The Ministry of Energy (SENER) announced that it will audit the legal separation of CFE’s subsidiaries. In 2016, SENER published the Terms for Legal Separation for the Federal Electricity Commission (TESL). The terms included that CFE would be submitted to an audit every four years by an independent entity chosen by SENER, and the expenses would be covered by CFE, making this a routine review.

According to the statement, no opportunity areas were encountered by the 2018 audit. With this experience and its presence on the board of CFE, its three boards for affiliated companies and its nine boards for subsidiaries, it is therefore ideally positioned to carry out the new audit, according to the announcement.

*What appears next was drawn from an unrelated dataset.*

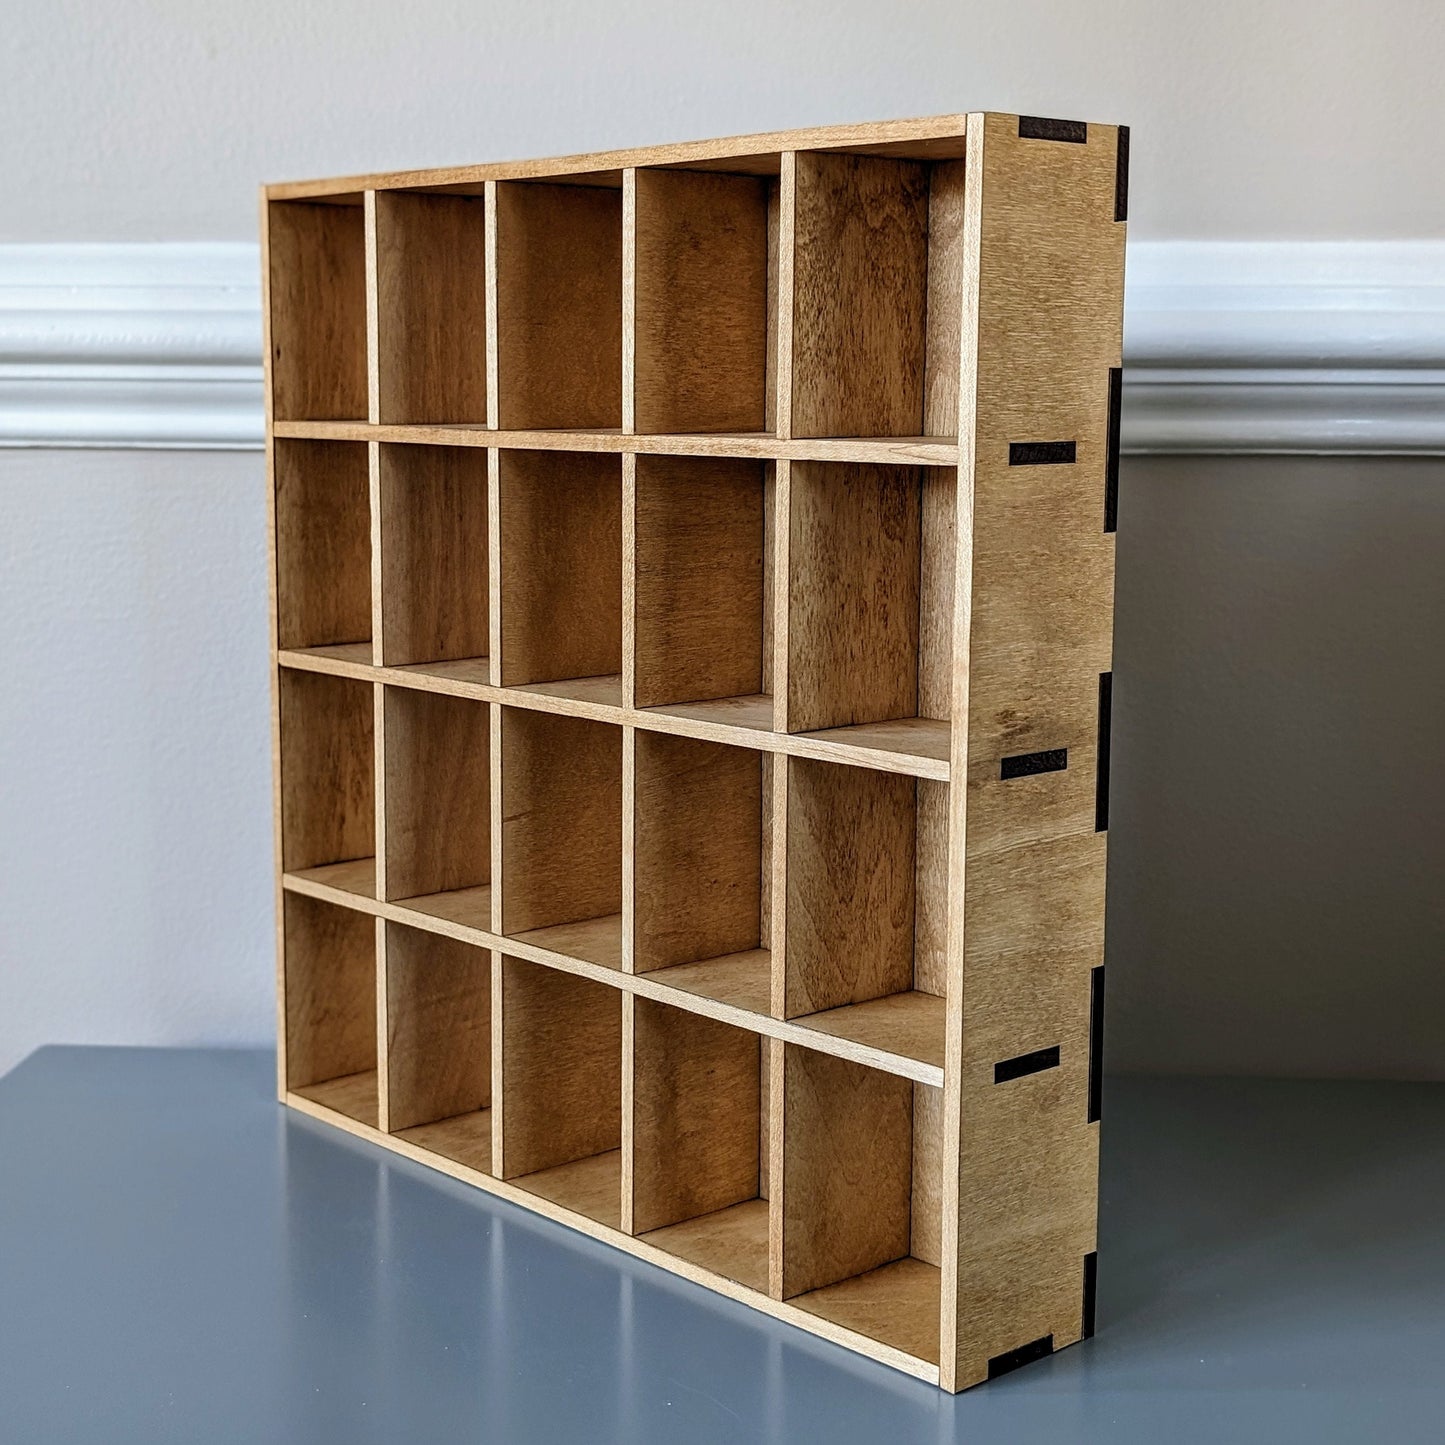 20 Compartment Wooden Display Shelf - Trinket Shelf - Curio Cabinet- Knick Knack Collection Display - Printer Tray -Figure Organizer Display

However, in 2018,SENER stated that, while the 2018 audit did not find any relevant opportunities to improve decision-making, the SENER found irregularities in CFE’s portfolio while conducting TESL, though none warranted an audit. The main issues identified were that CFE did not guarantee efficient operations nor competitive participation in the electricity industry, as stipulated by the 2014 Energy Reform.

CFE said that the 2018 audit caused extra costs while it did not yield relevant findings, going against the state utility’s austerity policies.

As previously reported by MBN, the Mexican Institute for Competitiveness (IMCO) found CFE to be providing its partnering production companies with subsidies between those incurring losses with funds from those making gains, effectively distorting the financial and operational effectiveness of the company and its subsidiaries. These irregularities violated the 2016 Terms for Strict Legal Separation (TESL), so IMCO claims this may be curbing subsidiary incentives, hurting market competition and inflating consumer prices. Even though this does not alter CFE’s consolidated financial statements from an accounting perspective, it misrepresents the actual performance of each subsidiary company engaging in cross-transfers. According to IMCO, this had negative implications for the state utility’s transparency. On a grander scale it could also hurt market competition within the electricity market and may also be reducing available resources that could go towards continued investment in transmission and distribution networks.